Urinary bladder cancer is one of the most important cancers of the urinary-sex system, causing high morbidity and mortality in many patients. Various methods of treating this type of cancer have been developed over the years. The most popular is the highly effective method using Bacillus Calmette-Guerin, which has an effective effect on a large percentage of patients. However, due to the genetic instability of bladder cancer and the individual needs of patients, different methods of treatment are being sought. Immunological control points are molecules on the surface of the cell that affect the immune response and reduce the strength of the immune response. Among these checkpoints, PD-1 inhibitors (the protein that is programmed to kill cell-1) /PD-L1 (the ligand of the protein that is programmed to kill cell 1) are intended to block these molecules, resulting in activation of T cells, and bladder cancer have been described as the use of atezolizumab, awelumab, durwalumab, niwolumab and pembrolizumab. The inhibition of another key immunological control point, CTLA-4 (cytotoxic T-lymphocyte antigen), may result in mobilisation of the immune system against bladder cancer, and anti-CTLA-4 antibodies discussed the use of Ipilimumab and Tremelimumab. In addition, there are several different approaches to the effective treatment of bladder cancer, such as the use of ganciclovir kinase inhibitors and mTOR (mammalian rapamycin target), IL-12 (interleukin-12) and COX-2 (cyclooxygenase-2). Genetic therapy and disruption of different signal paths are currently being studied. Studies suggest that combining several methods increases the efficacy of treatment and positive results in the patient. 
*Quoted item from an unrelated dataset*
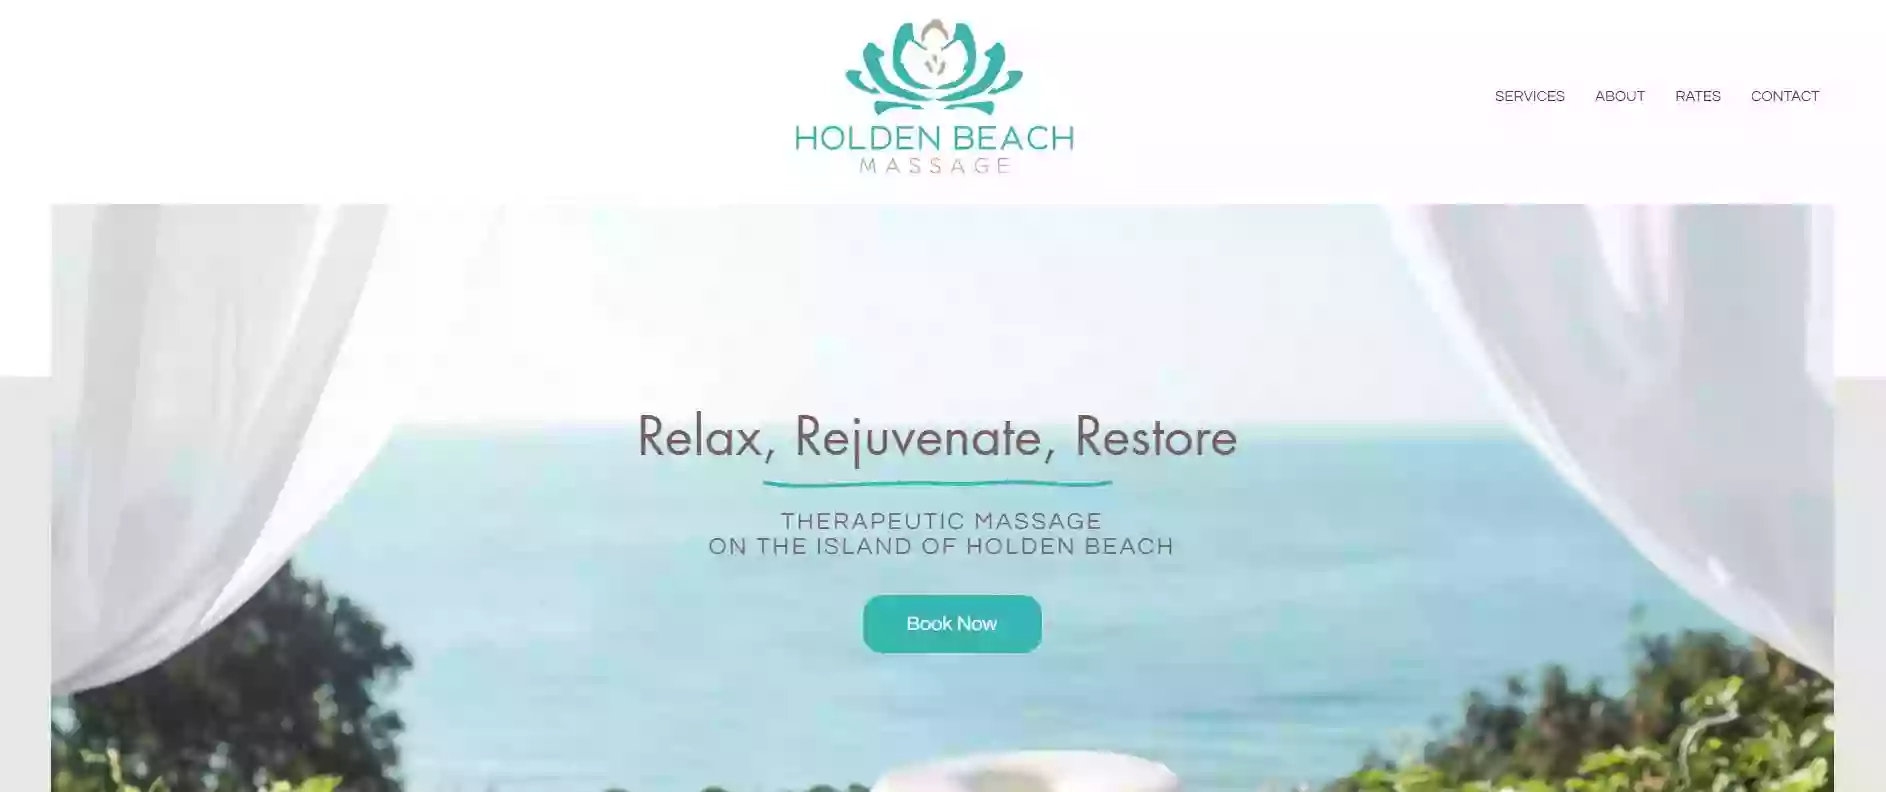 Massage Therapy at Holden Beach

bladder cancer immunotherapy checkpoint inhibitor

1. Entry

Urinary bladder cancer (BC) is the sixth most widely recognised cancer in men around the world and the tenth when considered together between men and women [1]. The age-standardised global maturity index (per 100 000 persons / years) is 9,6 for men and 2,4 for women [1]. In Europe, the general age standard is 20,2 for men and 4,3 for women. Greece has the highest standard of age for all European countries (40,4 for men and 4,5 for women) and Austria has the lowest (9,9 for men and 3,0 for women) [1]. In 2018 year around the world, around 550 000 new BC cases were diagnosed, with 200 000 deaths [1]. The incidence of BC has increased in many European countries, although mortality rates have fallen in more developed regions. As the population ages and grows, the absolute incidence of BC can continue to grow in European countries [2].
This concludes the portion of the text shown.